Pain cut through his body, and anxiety cut even deeper. He'd failed again in the saving department. Then his thoughts switched over to smells. He couldn't help being aware of odors. When he was happy, when he was sad, when he was making love to Lisa they could distract him. During disasters especially, his emotions could easily be derailed by his olfactory sense. When his mother was dying of liver cancer three years ago, he'd rushed to the hospital hoping to make it in time. When he got there and saw that she was gone, he couldn't feel the terrible loss because the sheet covering her body had the incongruous odor of wet rubber. So wrong for her, who'd always smelled of the delicate tea rose. After a lifetime of wearing it, she had had the perfume lodged so deep in her pores it seemed part of her. And yet it was the odor of wet rubber that stuck with him. He was like a dog that way.

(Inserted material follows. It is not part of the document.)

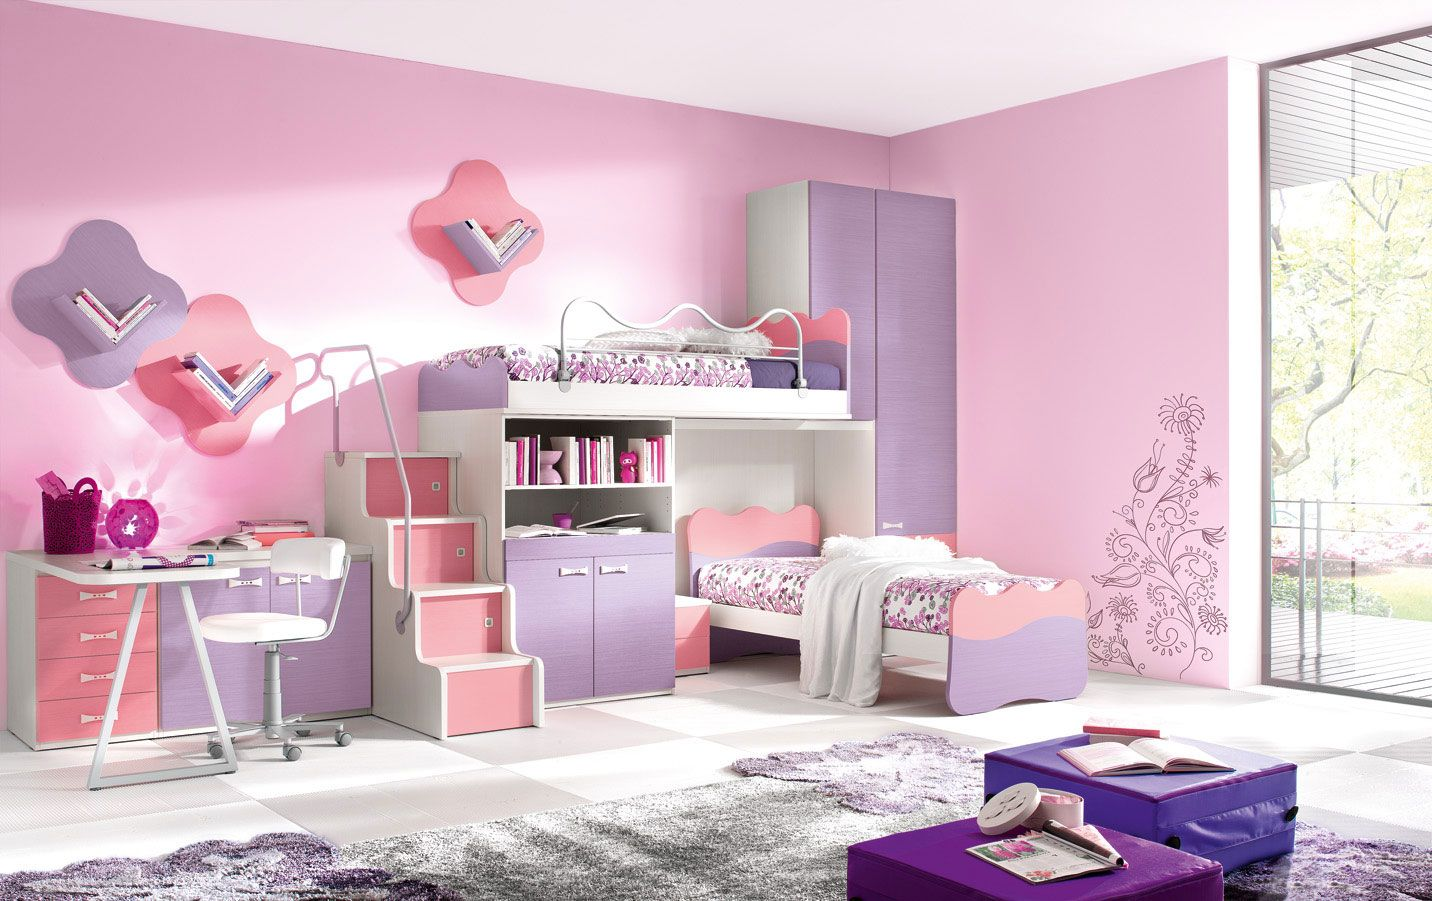 toddler furniture for girls | Bedroom design, Kids Bedroom ... on Beautiful Rooms For Girls  id=93664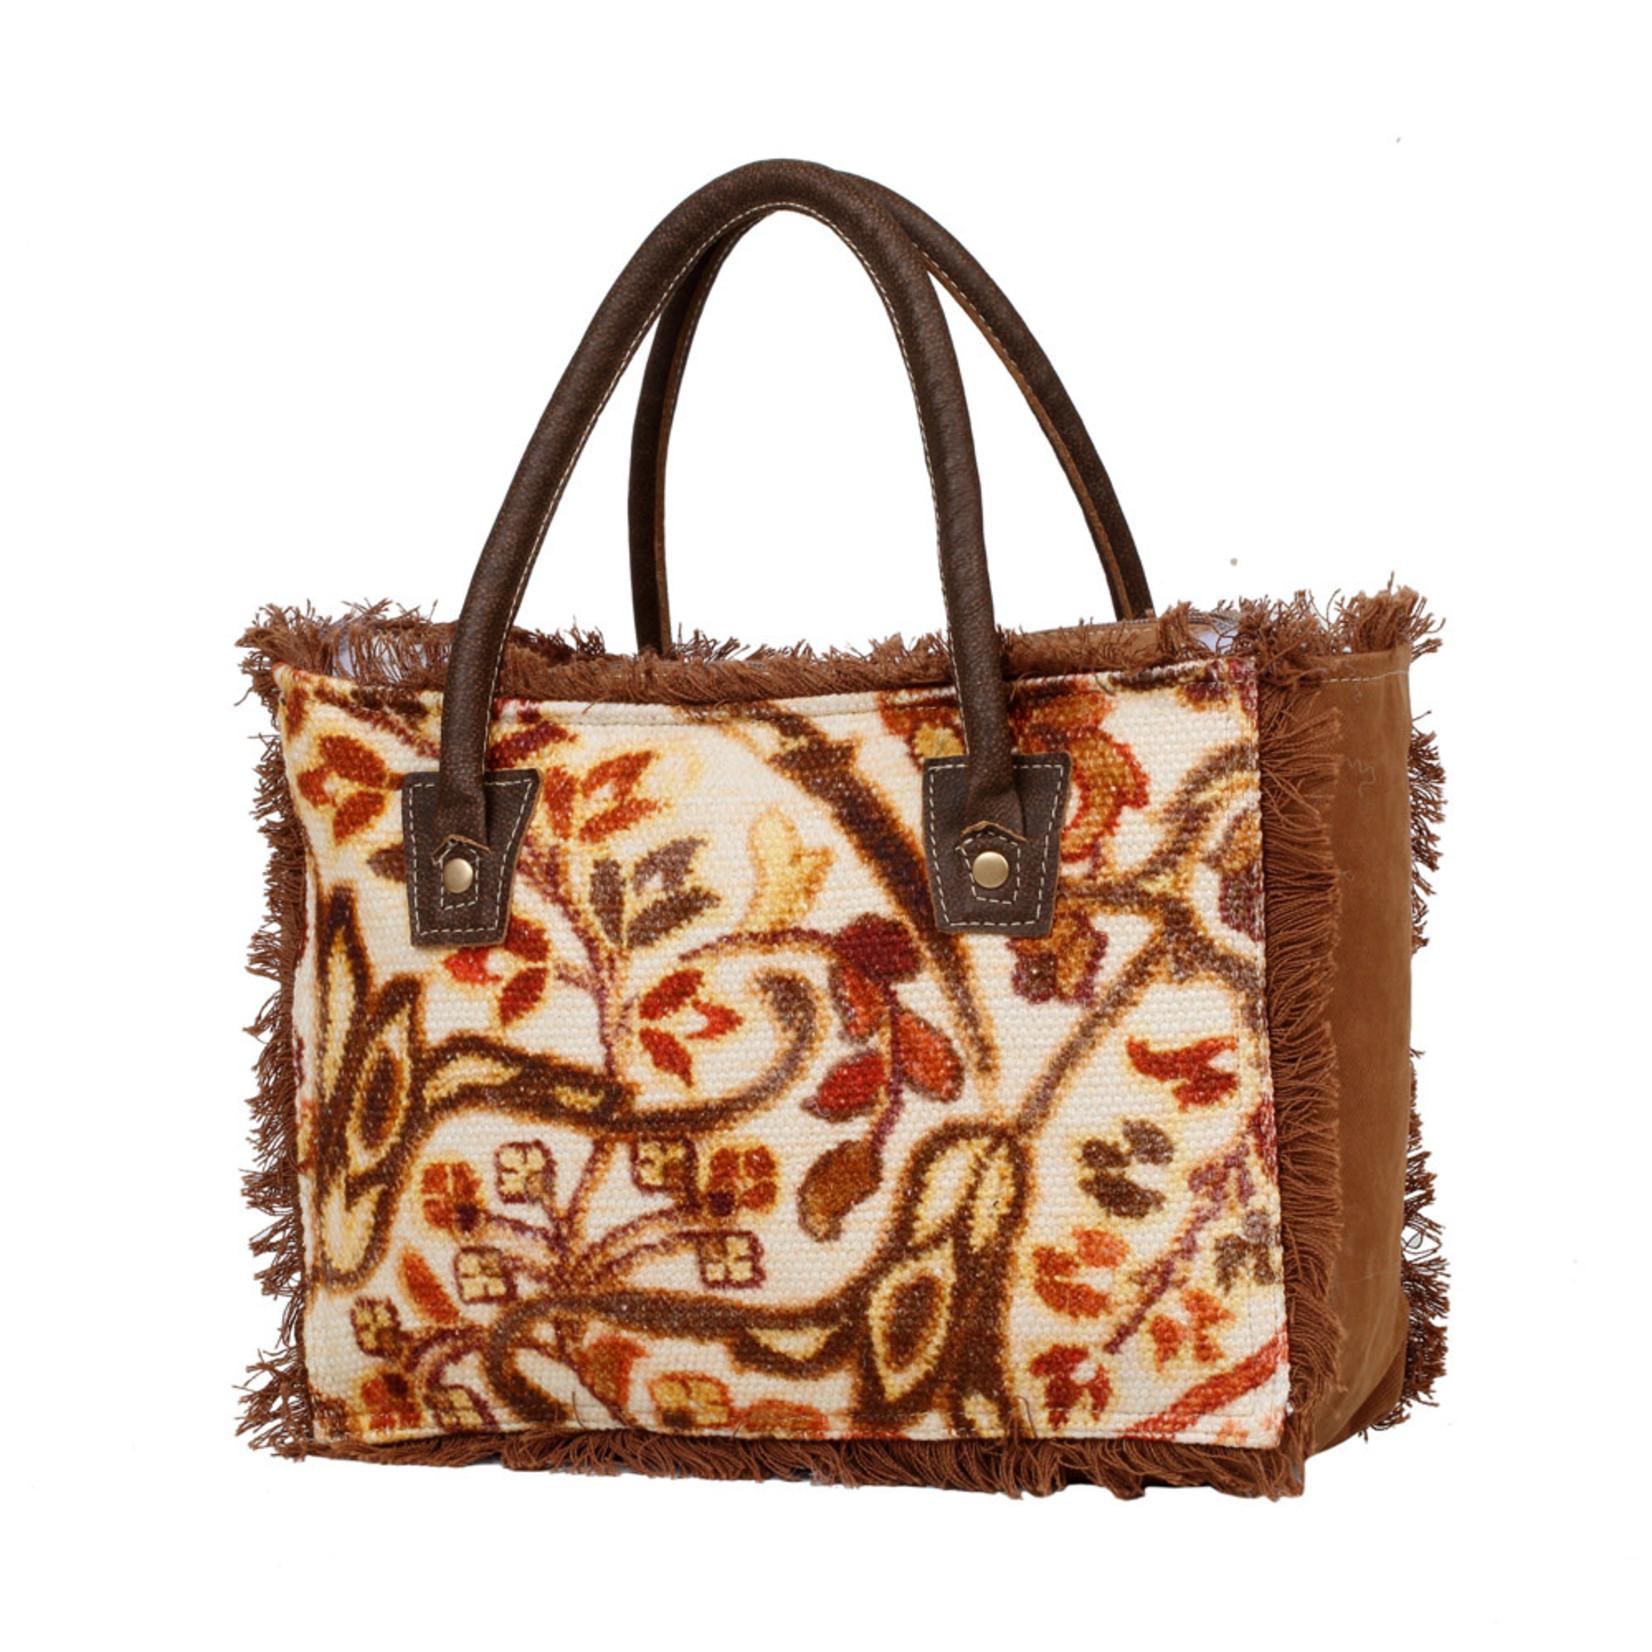 Myra Bags S-2533 Blazing Fire Small Bag

Now, lying on the damp cement and fearing another death, Jack was aware only of the agony of broken bones, and the smell of strong garlic and stale cigarette smoke. The mountain of a man who was holding him down had breath that could kill. But the sidewalk under his body also had a smell. So had the girl he'd tried to save; so did the bark and new leaves of the venerable Washington Square trees. Right at that moment Jack Devereaux could have named all the smells of flat-on-the-ground Washington Square. A faint odor of urine, too, from the dogs. What else? Something about the guy struck a chord. He couldn't pin it down. Then his thoughts spun back to the woman surrounded by cops on the ground near him. Dear God, he didn't want to have hesitated and been too late.
"Please… is she okay?" His voice was like ashes in his throat. Everything in his life had changed two weeks ago, but he still sounded pathetic, like someone who had no control over his life.
"Whose dog is this?" The question did not come from the mountain with the horrific breath. A new person had arrived. This one smelled of leather and bay rum aftershave.
"Mine." Jack tried to reach out with his other hand, his left one, but Sheba was beyond his reach, too. The chocolate lab also had a strong smell. It was always comforting to him. Now, restrained by a stranger holding her leash, she whined f
rom the bottom of her soul. Boss, boss, boss. Get over here.
"How are you doing?" The new person squatted by his side. Jack saw his mustache and thought cop, not doctor. "I don't know," he said honestly.
"Looks like your arm is broken. I'm Lieutenant Sanchez. We're going to move you in a minute. Can you give me your name and address? Someone to call?"
"Is she all right?" Jack asked about the woman.
"Yeah." The word came out curt. "She's all right. Your name?"
"Jack Devereaux."
There was silence for a moment. It was always like that these days. As soon as people heard Jack's name, it hit the famous-name register. Yeah, know that one. A celeb. New York was full of them. But Jack was a recent celeb. He wasn't used to it.
"The Jack Devereaux?" the lieutenant said after a beat.
"Which would that be?" Jack might be paralyzed for life, but he couldn't resist playing out the famous-name game.
"Creighton Blackstone's son?" Already amazement was sounding in the officer's voice.
Jack and the rest of the world were pretty much with him on that one. Shock had echoed around the globe. It was difficult to believe that one of the founding fathers of the Internet, a man with a large empire, whose life had been written about and dissected a hundred times, had actually died leaving an heir no one knew he had. Including and especially the heir himself. Jack Devereaux, a perfectly ordinary young man, nobody of note, was suddenly immensely wealthy. Or soon to be wealthy. Who'd have thunk?
"Yes, sir, I am," Jack admitted. Until two weeks ago he'd been a young entrepreneur struggling to build his own Internet company. And his mother, bitter to the end because her husband had left her long before making his fortune and having to share it with her, had never told him.